One thing about visiting my family is that they hold up a mirror to the very worst parts of me, my biggest weaknesses, the things I like to bury down deep and pretend don’t exist. But exist they do, and I’ve been letting them win over the good parts of me a bit too much lately. I’m generally strong, pragmatic, objective, and I think a lot of that came from growing up with an adamant desire not to be like my family. But I’ve been away from them a lot, and it’s good to be reminded of what I don’t want to be. I spent so much time these last few days thinking, look people. Either buck up and deal or make a change. These things are entirely within your control and complaining about the same things over and over will not help anything and will only serve to make me crazier than I already am. And then I realized I could be talking to myself. And I am making myself crazy.

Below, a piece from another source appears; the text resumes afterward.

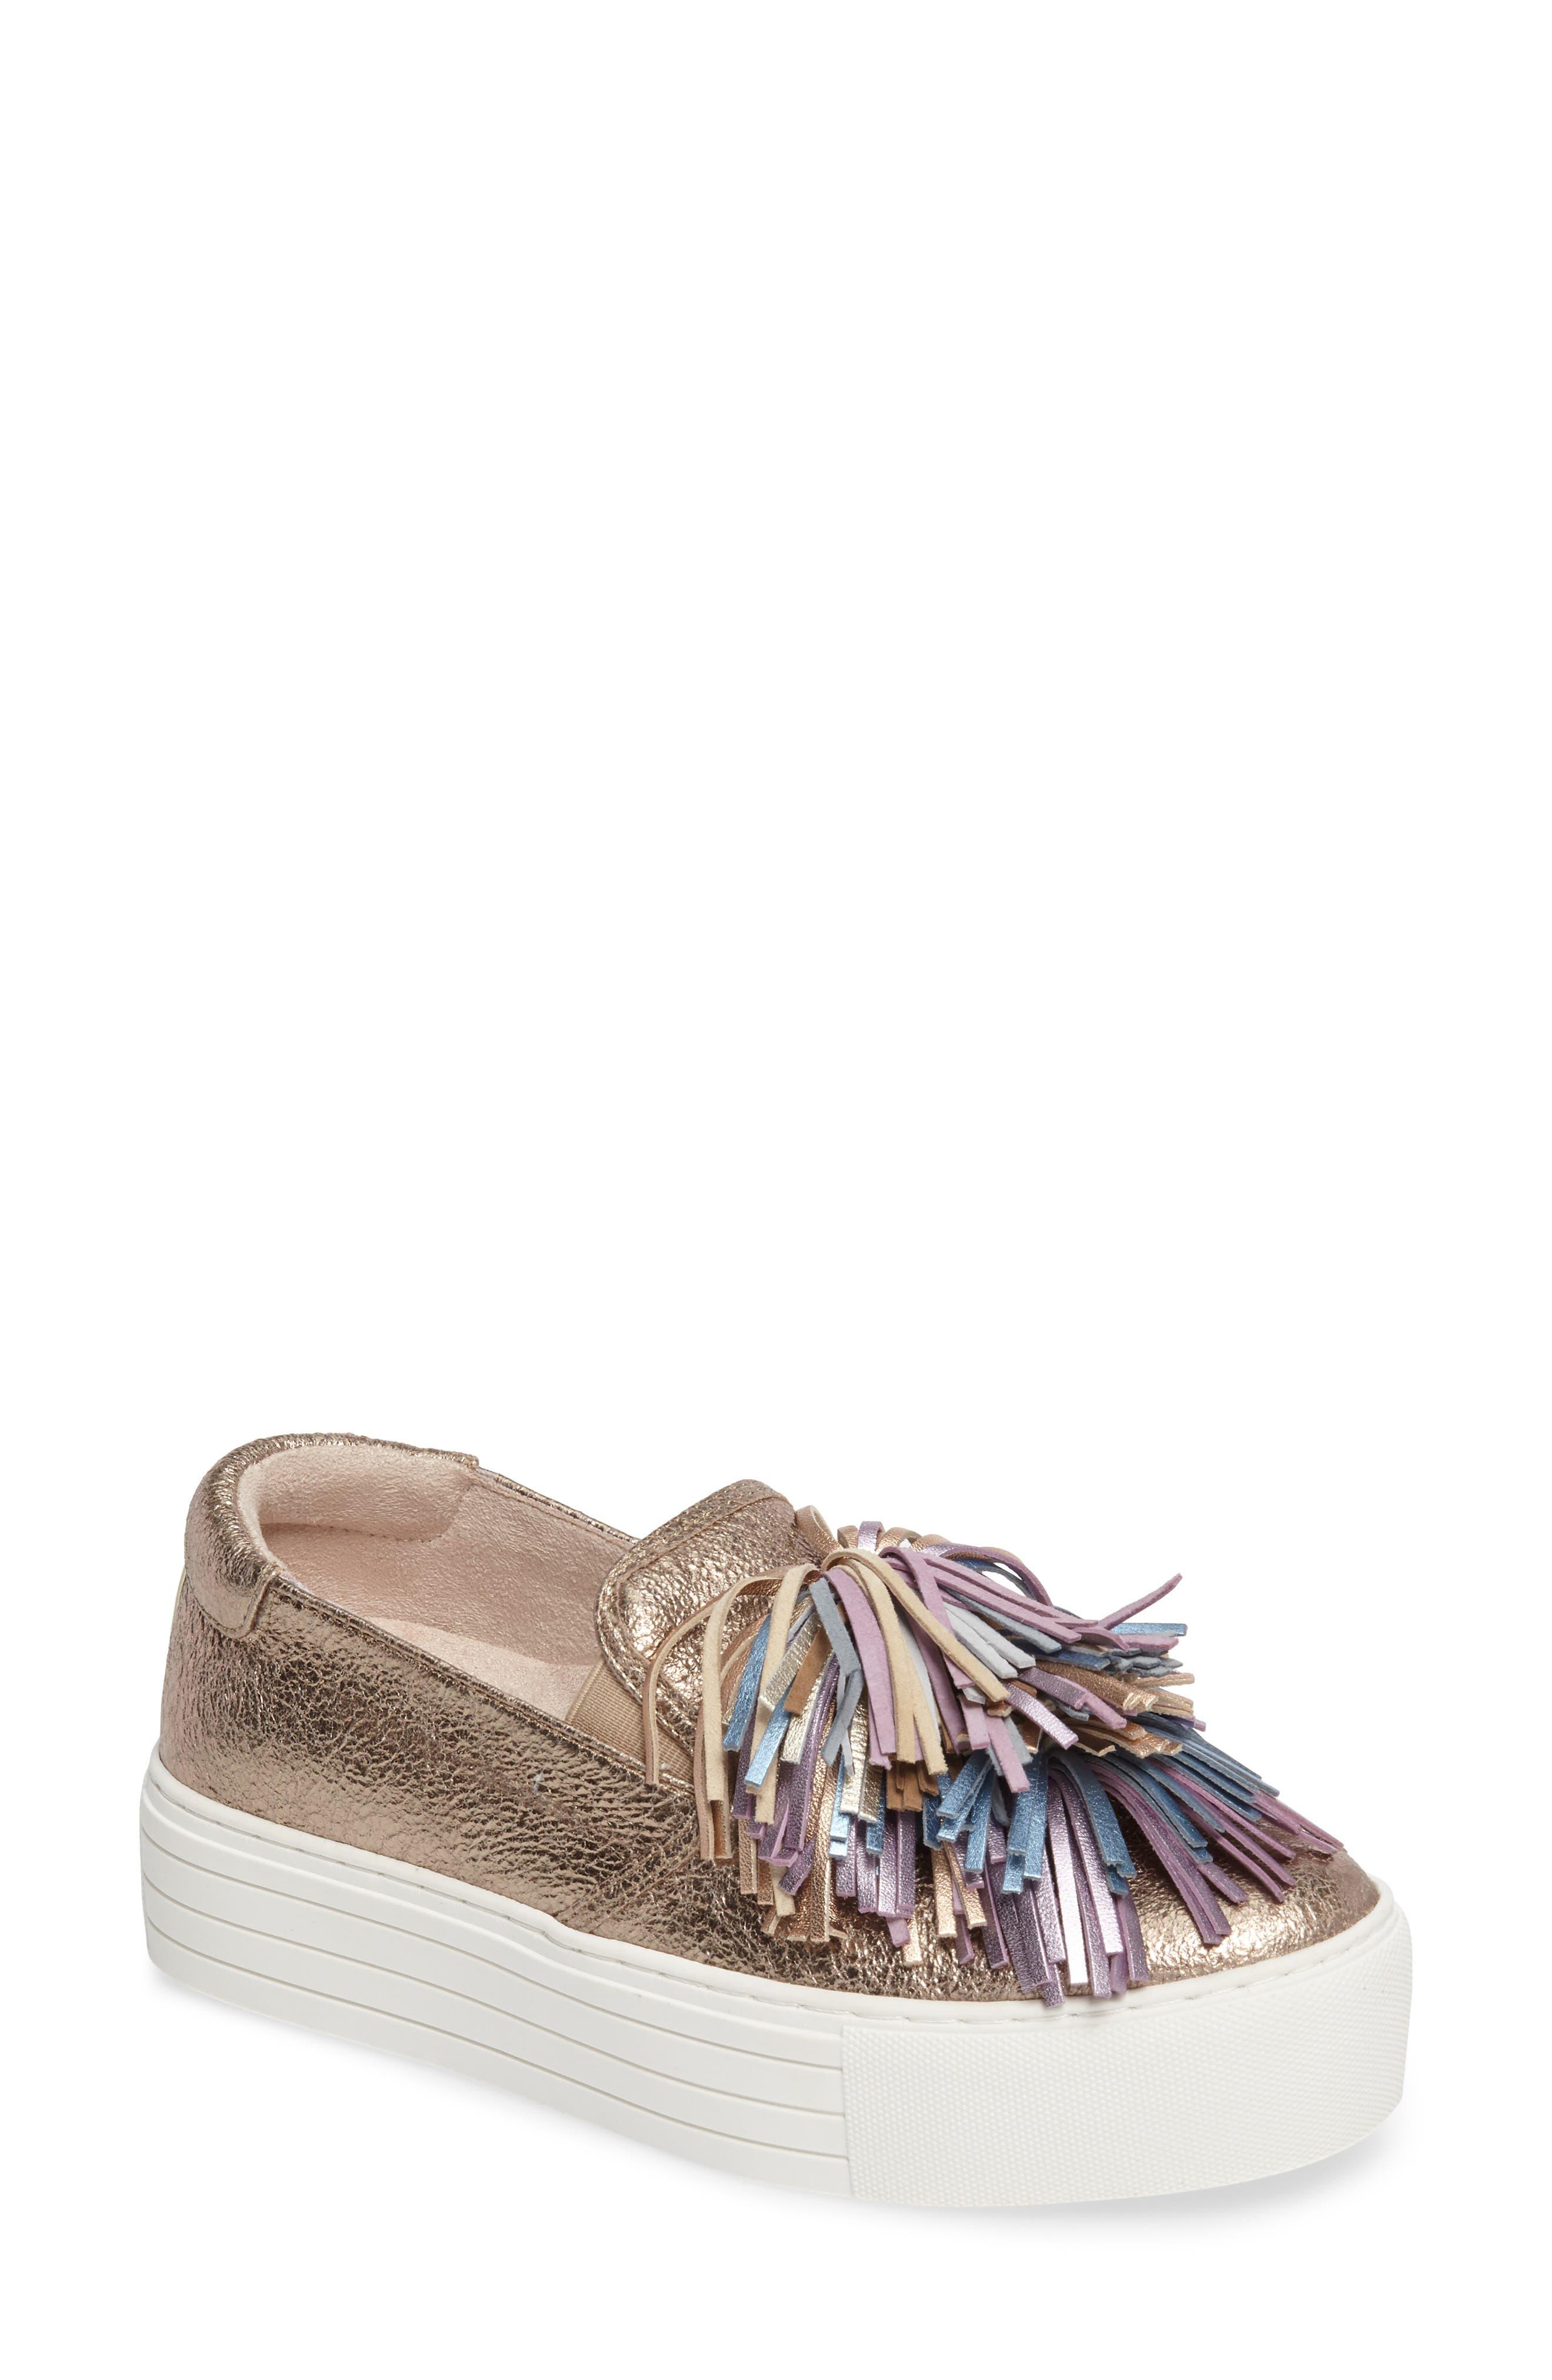 Main Image - Kenneth Cole New York Jayson Pom Platform Sneaker (Women)

I just need to shut the fuck up already and take control of my life. I am foolishly wasting an inordinate amount of energy complaining about my situation. And being ridiculously insecure. And all of this is completely within my control. Good God, I need to buck up or make a change.
Life be be hard, and the only thing you can do is deal with things as they come. I want easy answers, but I’m not going to get them. So, I need to stop waiting for them. I need to make my own path and stop waiting for some glowy, magical path to show itself to me. Because it won’t.
So, I make a path and I feel some relief, but am I happy? No. I’m conflicted, overwhelmed, stressed, uncertain, I doubt myself, I question the path. I’m at that place, that place I seem to keep coming back to where I’m stepping out into darkness with only faith that I’ll step out onto solid ground.
And I wonder, why do I keep coming to this place? Why am I here, in the dark, questioning myself again? I don’t have the answers. All I can do, right now in this moment, is take a step.